Die Menisken befinden sich innen und außen im Kniegelenk und dienen als "Stoßdämpfer" zwischen Ober- und Unterschenkel

Meniskusverletzung

Ursachen einer Meniskusverletzung

Meniskusverletzungen sind typische Knieverletzungen in einigen Sportarten, besonders häufig zum Beispiel bei Fußballspielern.

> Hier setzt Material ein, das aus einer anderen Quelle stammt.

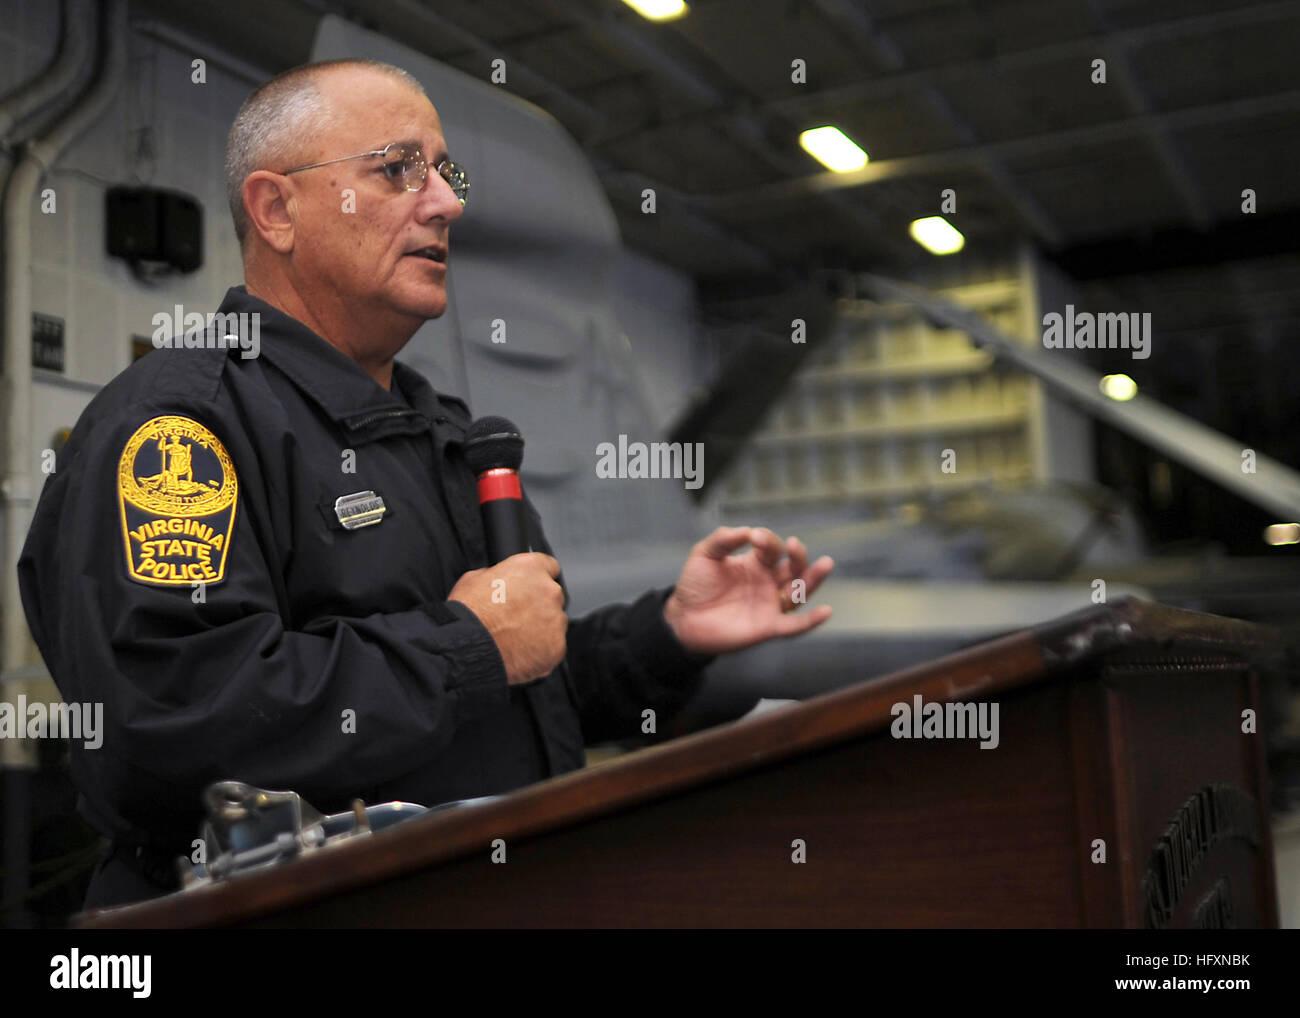 090722-N-9988F-054  ATLANTIC OCEAN (July 22, 2009) Virginia State Trooper Jim Reynolds speaks to the crew of the - Stock Image

Die Hälfte aller Meniskusschäden entsteht jedoch durch andauernde Beanspruchung vor allem in Berufen, die mit einer überwiegend knieenden Tätigkeit verbunden sind.

Beispielsweise durch die Drehbewegung des Körpers bei feststehendem Fuß und gebeugtem Kniegelenk wird der Meniskus eingequetscht und es kommt zu einem Ein- oder Abriss (häufig des Innenmeniskus'). Kombiniert mit Meniskuseinrissen sind oft auch Bandschäden im Kniegelenk, da die Unfallereignisse für Meniskus- und Bandschäden am Knie ähnlich sind.

Schnelle OP, schnelle Heilung

Als Sofortmaßnahme wird eine Meniskusverletzung mit Kälteanwendungen und gegebenenfalls elastischen Verbänden um das Knie versorgt.

Bei einem Meniskusriss bringt eine schnelle Operation das beste Resultat, dabei gilt die arthroskopische Kniegelenksoperation heute als die Methode der Wahl.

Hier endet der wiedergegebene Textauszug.